Update: Egyptian authorities on Wednesday blocked the ship from docking in Alexandria, a port city on the Mediterranean.

Turkish authorities have refused to allow a gay cruise to dock in the country.

The Scarlet Lady, a Virgin Voyages ship that Atlantis Events chartered, departed Athens on Sunday. The 10-day cruise is scheduled to end in Trieste, Italy, on July 15.

The ship had been scheduled to dock in Kusadasi, a Turkish resort town on the Aegean Sea, on Tuesday. It was then slated to sail to Istanbul on Wednesday.

Officials in Aydin Province in which Kusadasi is located on June 28 posted a statement on X that confirmed the decision not to allow the Scarlet Lady to dock in Turkey.

Authorities noted the “groups” behind the cruise are “known for behaviors that do not align with the structure of our society and our moral values.” The June 28 statement also says the scheduled docking “caused great discomfort in various segments of our society.”

Atlantis Events in a statement on its website said the company has “been informed by the Turkish authorities that Atlantis will not be permitted to dock in Kusadasi or Istanbul during this voyage.”

“As a result, we have had to alter our sailing itinerary somewhat,” it reads.

The statement notes the cruise will now stop in Alexandria, Egypt, and Crete.

“Both ports have excellent opportunities for exploration and enjoyment and have been favorites of ours for years,” it reads.

(Discrimination and persecution based on sexual orientation and gender identity is commonplace in Egypt. The Egyptian Football Association, along with the Football Federation Islamic Republic of Iran, objected to playing in the World Cup’s “Pride Match” that took place in Seattle on June 26.)

A cruise ship approaches Heraklion, Greece, on Sept. 4, 2024. The city is on the Greek island of Crete. (Washington Blade photo by Michael K. Lavers)
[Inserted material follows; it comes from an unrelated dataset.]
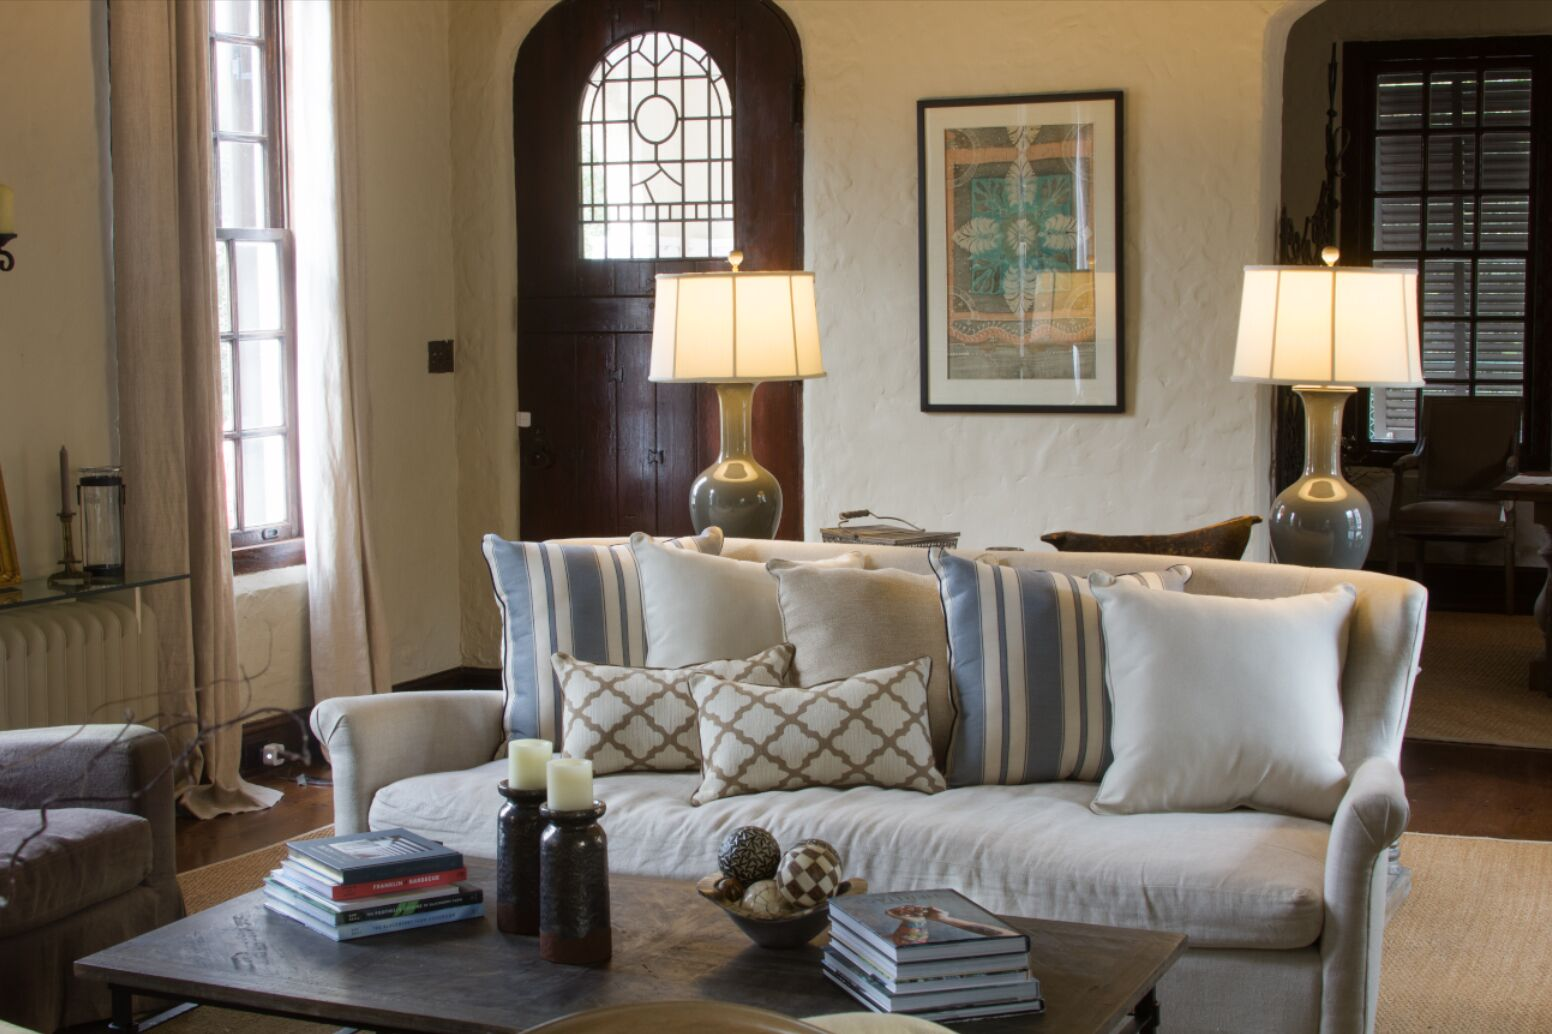 Blue Throw Pillows Decorative Pillows For A Bold Look

Patti LuPone, who is performing on the cruise, sharply criticized the Turkish government over its decision.

“The Atlantis cruise I am performing on next week, has been banned from entering Turkey,” she said on her Facebook page on July 2. “A ship — a magnificent ship — full of well-heeled gay men. And me. Denied entry to Turkey simply because of who is on board. I am furious, but I am sailing, as the ship will make other ports of call. I am ready to perform for all the wonderful men on this Atlantis cruise, who deserve so much better than this.”

Atlantis Events CEO Rich Campbell told the Washington Post that his company’s cruises have visited Turkey more than a dozen times over the last two decades.

“We’re there to shop, be great tourists, spend money,” he said. “It’s always a culturally respectful group.”

Campbell further noted Turkey could lose at least $1 million in tourism revenue over its decision.

“The bigger damage to Turkey is when you start picking and choosing who’s allowed to enter, and your economy depends on tourism, you’re creating a standoff between tourists and yourself,” he told the Post. “And you run the risk of alienating a lot of potential tourists.”

The Washington Blade on Monday reached out to Campbell for additional comment.